Full-System Critical Path Analysis

  • Authors:
  • Ali G. Saidi;Nathan L. Binkert;Steven K. Reinhardt;Trevor Mudge

  • Affiliations:
  • The University of Michigan, Department of EECS, saidi@eecs.umich.edu;Hewlett-Packard Labs, Palo Alto, California, binkert@hp.com;The University of Michigan, Department of EECS/ Reservoir Labs, Portland, Oregon, stever@reservoir.com;The University of Michigan, Department of EECS, tnm@eecs.umich.edu

  • Venue:
  • ISPASS '08 Proceedings of the ISPASS 2008 - IEEE International Symposium on Performance Analysis of Systems and software
  • Year:
  • 2008

Quantified Score

Hi-index 0.00

Visualization

Abstract

Many interesting workloads today are limited not by CPU processing power but by the interactions between the CPU, memory system, I/O devices, and the complex software that ties all the components together.
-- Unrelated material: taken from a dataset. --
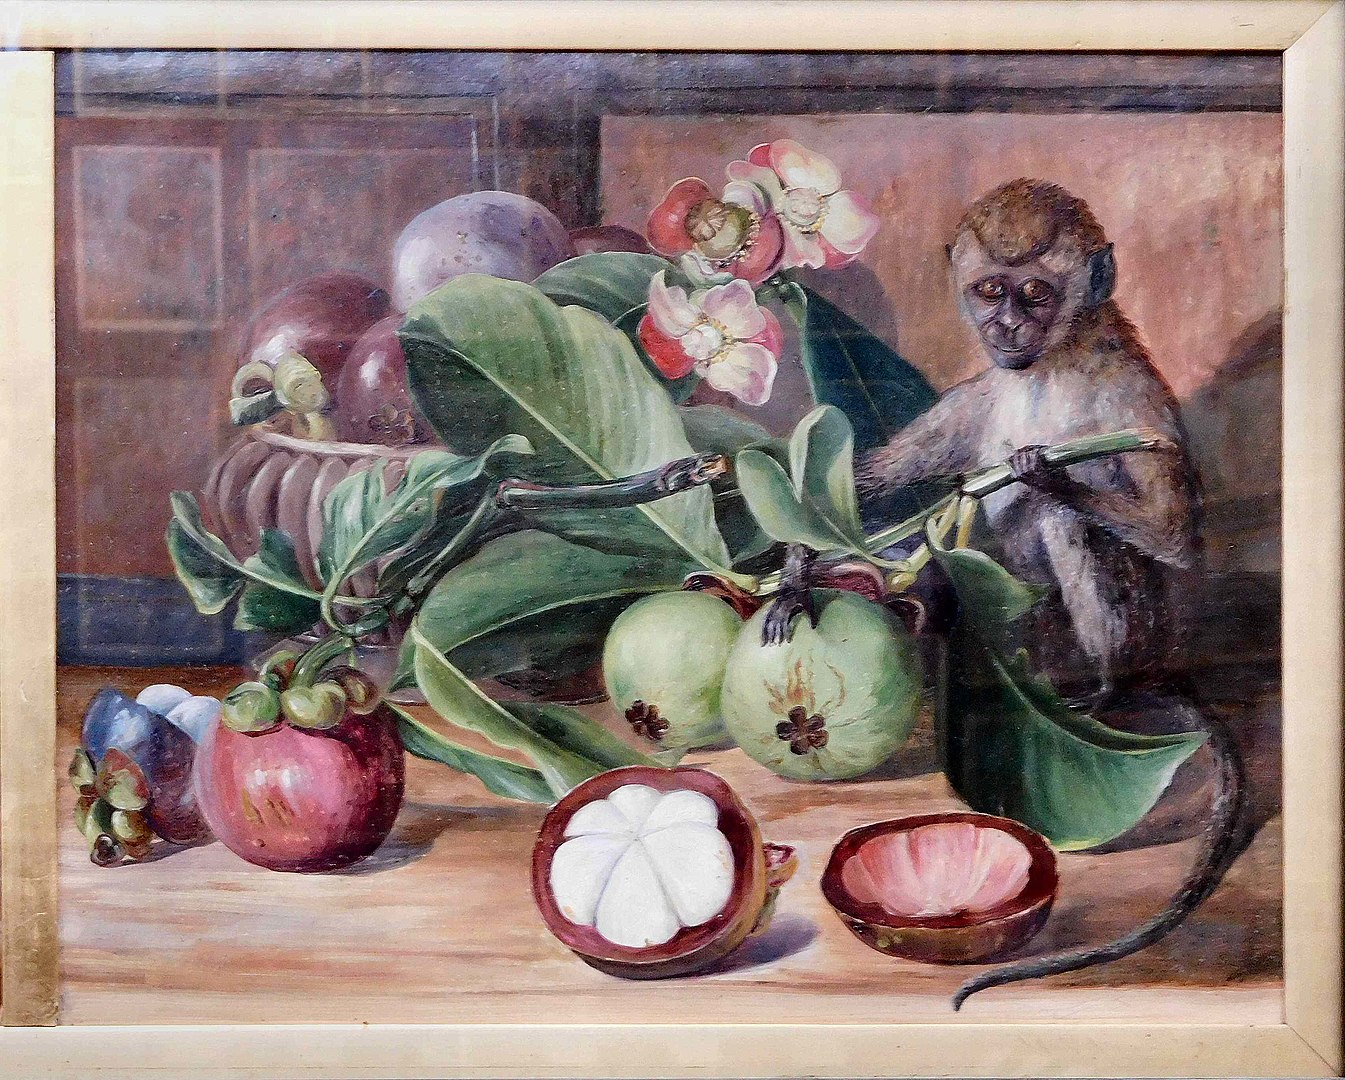 A still-life with various flowers, fruit, and a monkey

Optimizing these workloads requires identifying performance bottlenecks across concurrent hardware components and across multiple layers of software. Common software profiling techniques cannot account for hardware bottlenecks or situations where software overheads are hidden due to overlap with hardware operations. Critical-path analysis is a powerful approach for identifying bottlenecks in highly concurrent systems, but typically requires detailed domain knowledge to construct the required event dependence graphs. As a result, to date it has been applied only to isolated system layers (e.g., processor microarchitectures or message-passing applications). In this paper we present a novel technique for applying critical-path analysis to complex systems composed of numerous interacting state machines. We avoid tedious up-front modeling by using control-flow tracing to expose implicit software state machines automatically, and iterative refinement to add necessary manual annotations with minimal effort. By applying our technique within a full-system simulator, we achieve an integrated trace of hardware and software events with minimal perturbation. As a result, we can perform this analysis across the user/kernel and hardware/software boundaries and even across multiple systems. We apply this technique to analyzing network performance, and show that we are able to find performance bottlenecks in both hardware and software, including some surprising bottlenecks in the Linux 2.6.13 kernel.